- Born: 1780
- Died: 1842 (aged 61–62)
- Education: Trinity College Dublin
- Occupations: Priest, writer

= Caesar Otway =

Irish clergyman and author

Caesar Otway (1780–1842) was an Irish writer and clergyman who wanted to study and improve the condition of the poor.

==Life==
Caesar Otway was born at Castle Otway near Nenagh, County Tipperary, Ireland. His parents were Cooke and Elizabeth Otway and his elder brothers included Admiral Robert Otway and Loftus who became a general. Cooke had been an officer in the Irish Volunteers militia.

Otway matriculated at Trinity College, Dublin, on 6 December 1796, being then 16 years old, and graduated B.A. in 1801. He took holy orders in the Church of Ireland in 1810. He worked as a parish priest for 17 years, before becoming assistant chaplain at the Magdalen Asylum, Leeson Street in Dublin.
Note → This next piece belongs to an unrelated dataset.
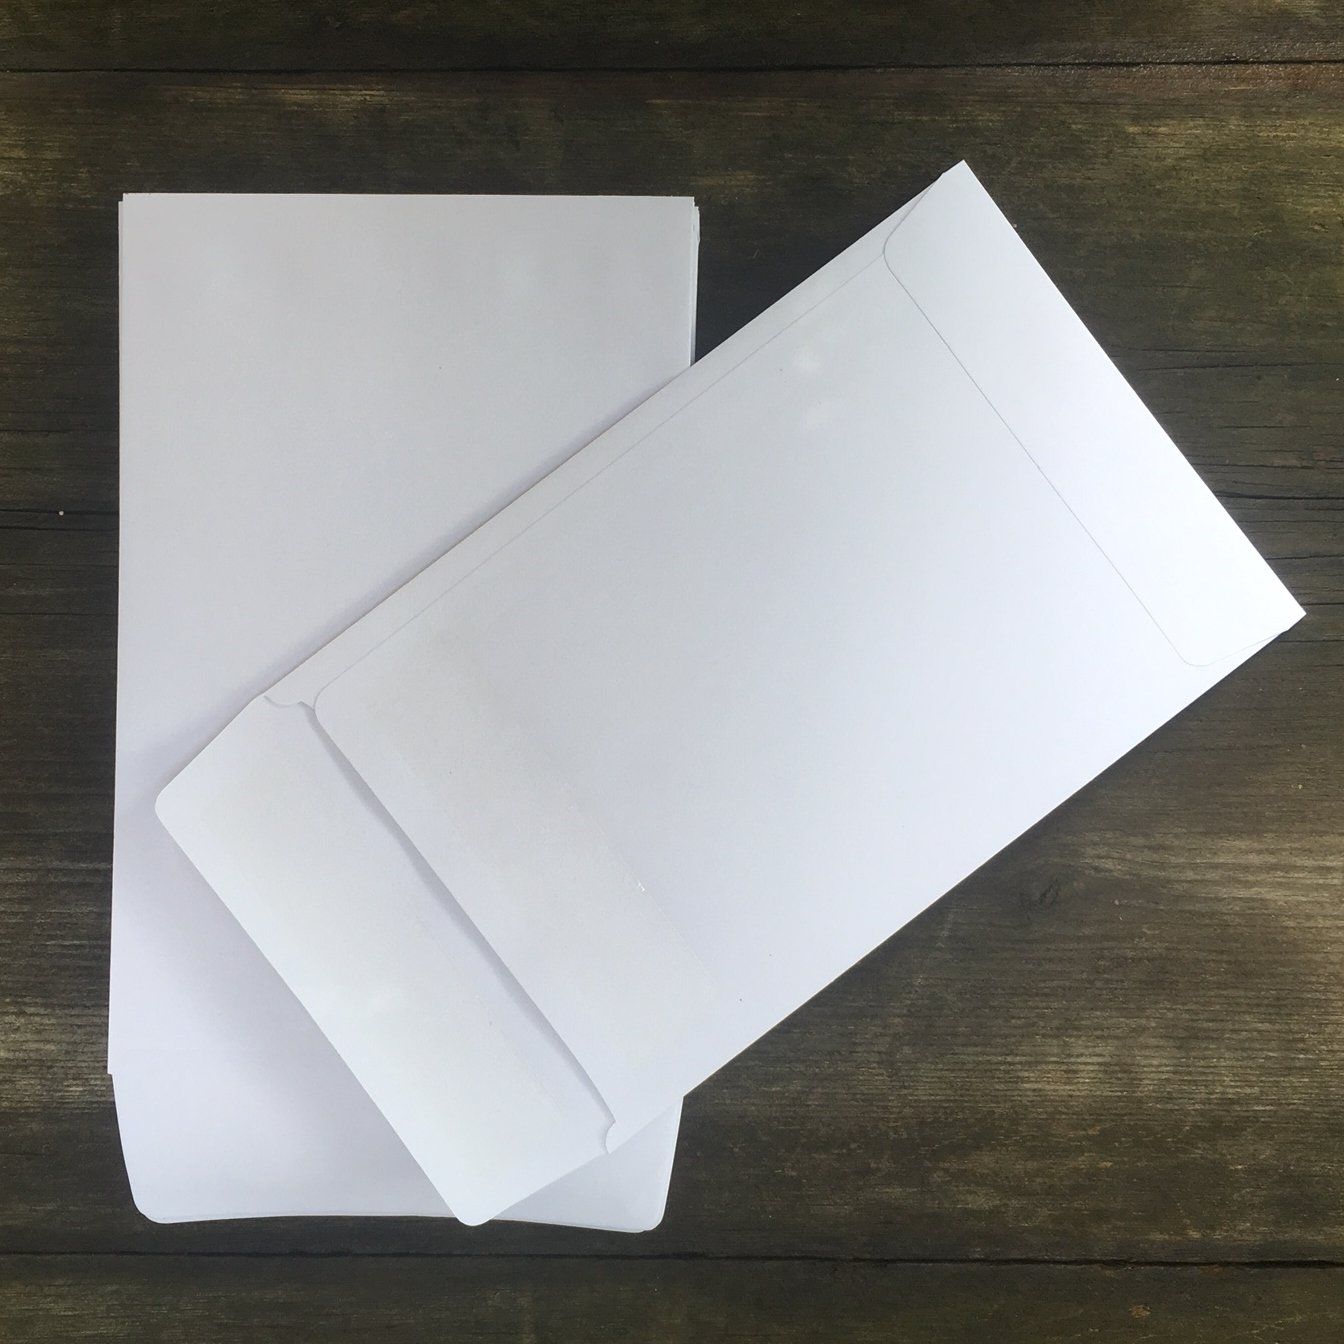 seed saving envelopes — The Green House

Otway was involved in the establishment of a number of journals. With Joseph Henderson Singer, he started, in 1825, the Christian Examiner, the first Irish religious magazine for Anglicans. He was a good friend of the writer William Carleton, who first made his mark in the Examiner. He co-operated with George Petrie in the first volume of the Dublin Penny Journal, where he wrote under the pseudonym "Terence O'Toole." He was also a contributor to the Dublin University Magazine.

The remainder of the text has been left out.